Plants have helped ease Kayla Lam’s transition to UCLA. The third-year political science transfer student said she struggled to balance her school and social life in her first quarter, but with the support of the transfer community and her plants, she managed to adapt.
Lam said her plants have kept her mental health in check throughout the pandemic.
“They kind of reflect what I’m feeling,” said Lam, who owns a peace lily and snake plant. “I always look over at my plants and see if they need water or if they’re drooping. If their soil is dry, then I’m kind of checking in on myself too like, do I need something? Do I need to go out for a day and just absorb some sunlight and have a mental health day?”
Beyond providing her comfort, Zhao’s plants have also taught her patience.
Zhao said at one point, she had to transfer a plant whose roots were stuck and hard to separate from sphagnum moss. She ended up pulling a lot of roots off – which she said could have been avoided if she had been more patient.
“My UCLA brain was like, let’s get it done, let’s fix it right now, and I think that’s something that’s definitely worth learning,” Zhao said. “You have to have patience. Sometimes you can’t get what you want in the immediate next second, and you have to be OK with it.”
Plants boost people’s health – physically, mentally and spiritually, said Sack, who is also an avid plant collector. Now that people are stuck at home, the best way for them to improve their surroundings is to focus on plants, he said.
Plants also produce oxygen and can purify the air in a room – though the effect is less noticeable with only a few houseplants, Sack said. A stronger benefit is their ability to humidify the air, which can be helpful for people who live in dry areas, he added.
Plants also give people feelings of safety and comfort, which can be important for students dealing with anxiety from deadlines, high expectations and new surroundings, Sack said.

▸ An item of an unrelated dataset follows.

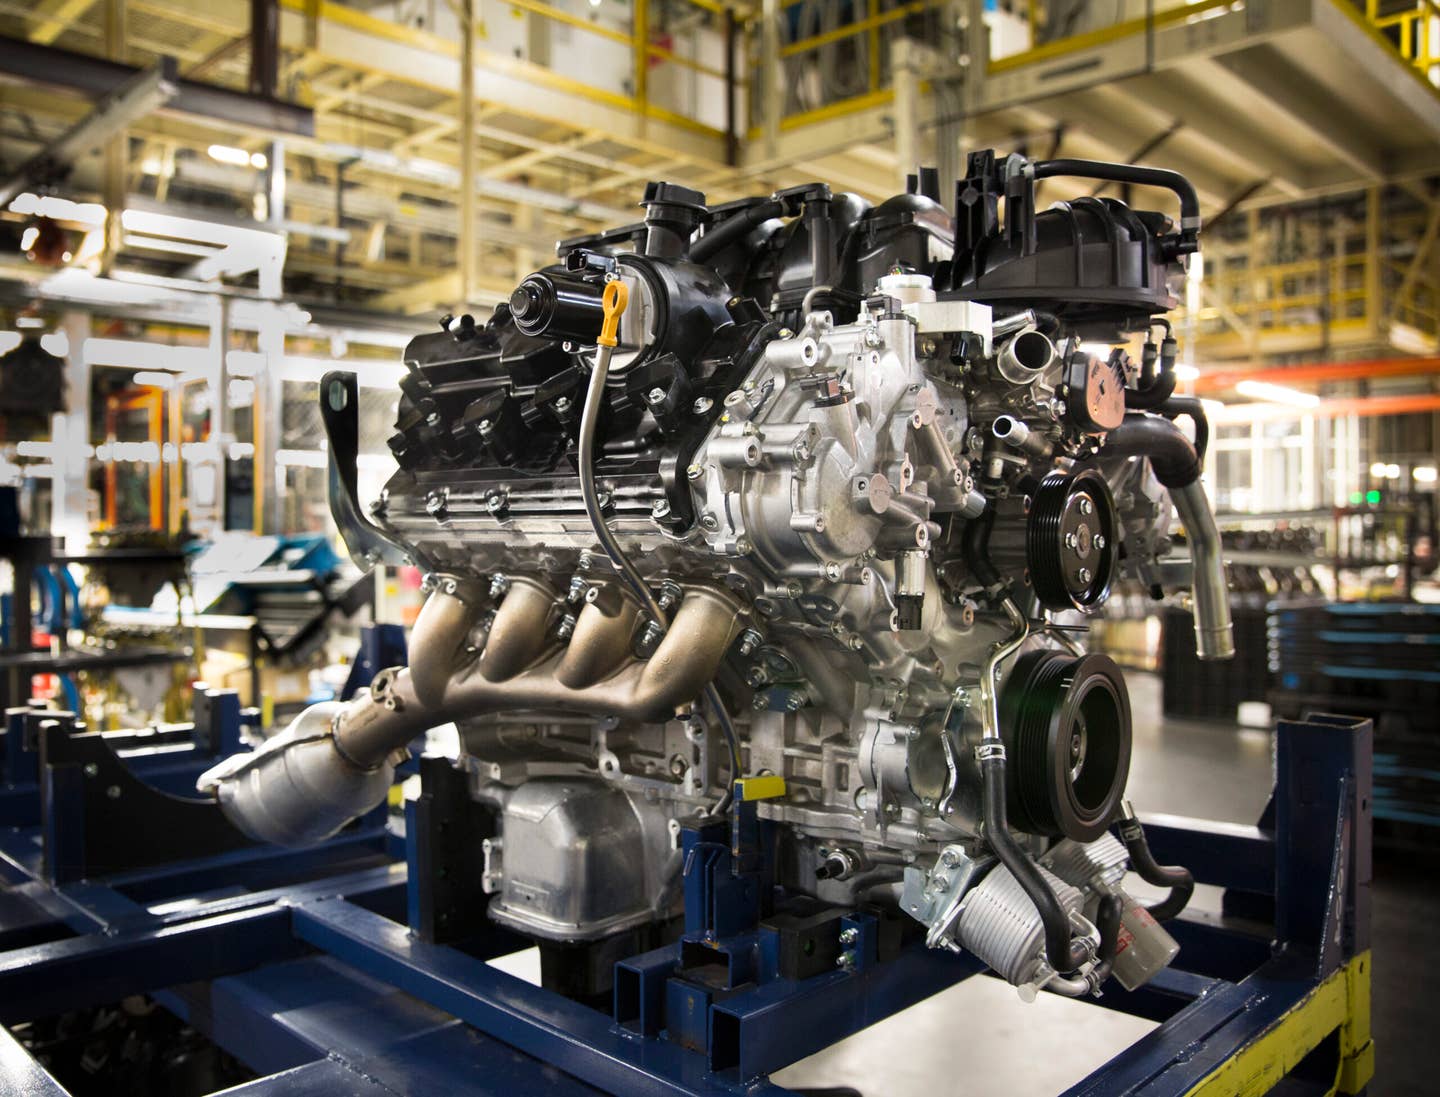 NASHVILLE, Tenn. (Dec. 15, 2015) – Nissan announced today that a new 5.6-liter Endurance® V8 gasoline engine, assembled in Decherd, Tennessee, will be available in the all-new TITAN and TITAN XD full-size pickup trucks, completing the first phase of the “American TITAN” story. The engine features four-valves per cylinder, Variable Valve Event &amp; Lift and Direct Injection, and is rated at 390 horsepower @ 5,800 rpm and 401 lb-ft of torque @ 4,000 rpm.
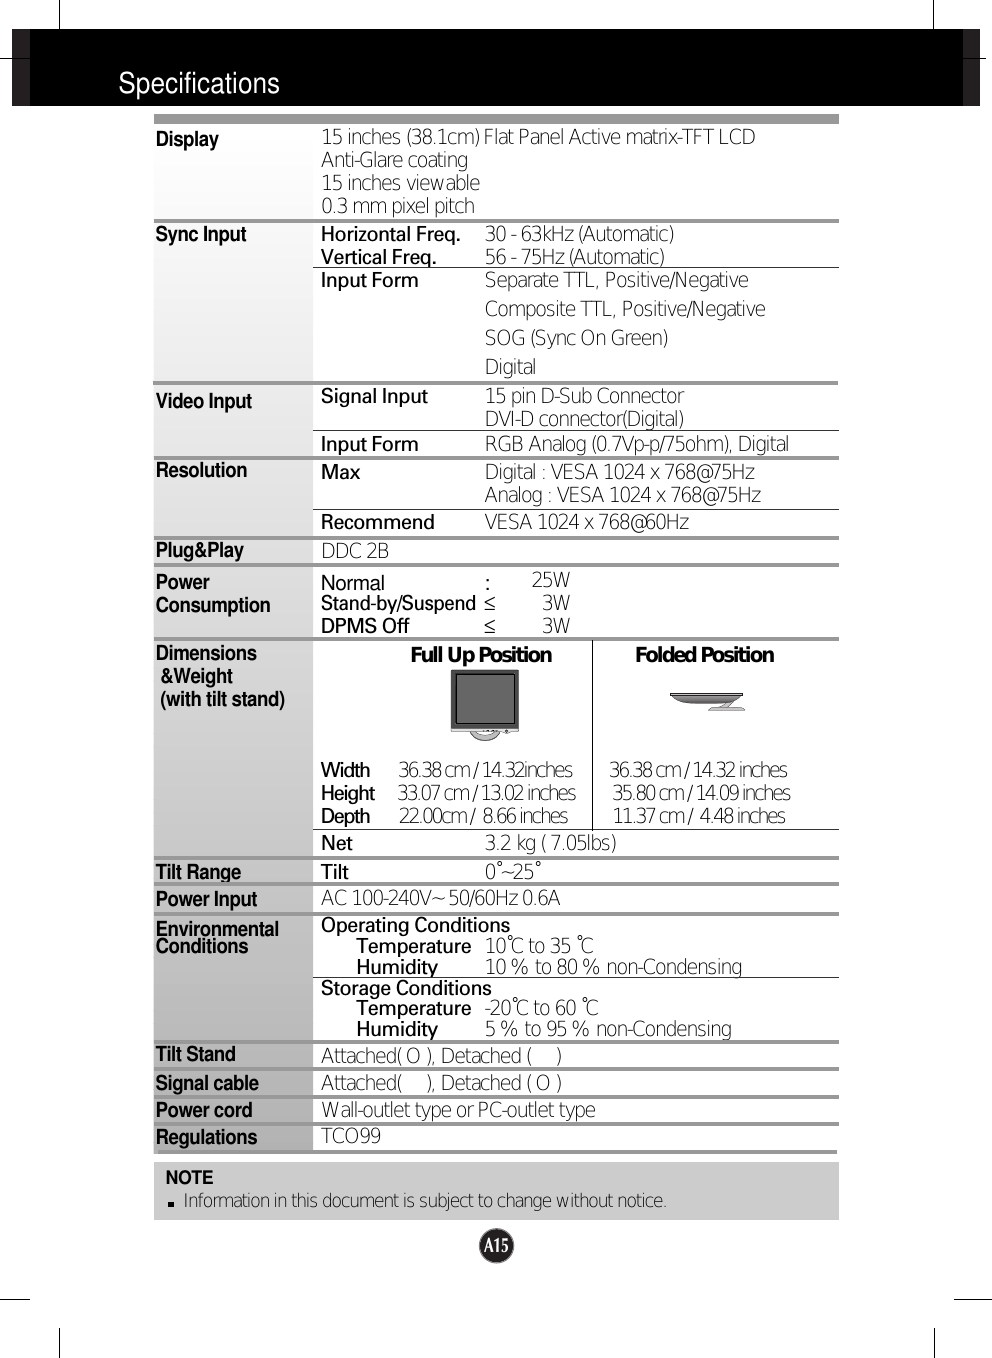 A15SpecificationsNOTEInformation in this document is subject to change without notice.15 inches (38.1cm) Flat Panel Active matrix-TFT LCD Anti-Glare coating15 inches viewable0.3 mm pixel pitchHorizontal Freq. 30 - 63kHz (Automatic)Vertical Freq. 56 - 75Hz (Automatic)Input Form Separate TTL, Positive/NegativeComposite TTL, Positive/NegativeSOG (Sync On Green)DigitalSignal Input 15 pin D-Sub ConnectorDVI-D connector(Digital)Input Form RGB Analog (0.7Vp-p/75ohm), DigitalMax Digital : VESA 1024 x 768@75Hz Analog : VESA 1024 x 768@75Hz Recommend VESA 1024 x 768@60HzDDC 2BNormal :25WStand-by/Suspend≤3WDPMS Off ≤3WFull Up Position                 Folded PositionWidth   36.38 cm / 14.32inches         36.38 cm / 14.32 inchesHeight   33.07 cm / 13.02 inches         35.80 cm / 14.09 inchesDepth  22.00cm /  8.66 inches           11.37 cm /  4.48 inchesNet 3.2 kg ( 7.05lbs)Tilt 0˚~25˚AC 100-240V~ 50/60Hz 0.6AOperating ConditionsTemperature 10˚C to 35 ˚CHumidity 10 % to 80 % non-CondensingStorage ConditionsTemperature -20˚C to 60 ˚CHumidity 5 % to 95 % non-CondensingAttached( O ), Detached (     )Attached(     ), Detached ( O )Wall-outlet type or PC-outlet typeTCO99DisplaySync InputVideo InputResolutionPlug&amp;PlayPowerConsumptionDimensions&amp;Weight(with tilt stand)Tilt RangePower InputEnvironmentalConditionsTilt StandSignal cablePower cord Regulations

Because many students live away from their families, plants can give students a makeshift family, Sack said. In fact, plants are one of the oldest companions of humans, he added.
“On a deep level, we share ancestry with these beings,” Sack said. “This is part of our family.
Nurturing plants is an easy and inexpensive means of self-care, said Justis Guardia, a fourth-year theater student.
Guardia enjoys painting her flower pots with friends, befriending the people who work at her local plant nursery and helping her family tend to their vegetable garden.
For those interested in becoming plant parents, Guardia’s advice is to start small – it takes time to learn what each plant needs, so it is important to take it slow and find plants that need similar amounts of water and light, she said.
Hazrah said beginners should get plants that are easy to take care of and consider how much light an environment gets beforehand. For rooms with minimal sunlight, Hazrah recommends getting a snake plant.
Zhao said the most important factor to consider is that plants are here to bring happiness. Tending to plants and keeping them alive can be stressful, but with time, it becomes second nature, she added.
“It’s not the end of the world when you kill a plant,” she said. “Plants are replaceable – your mental health is not.”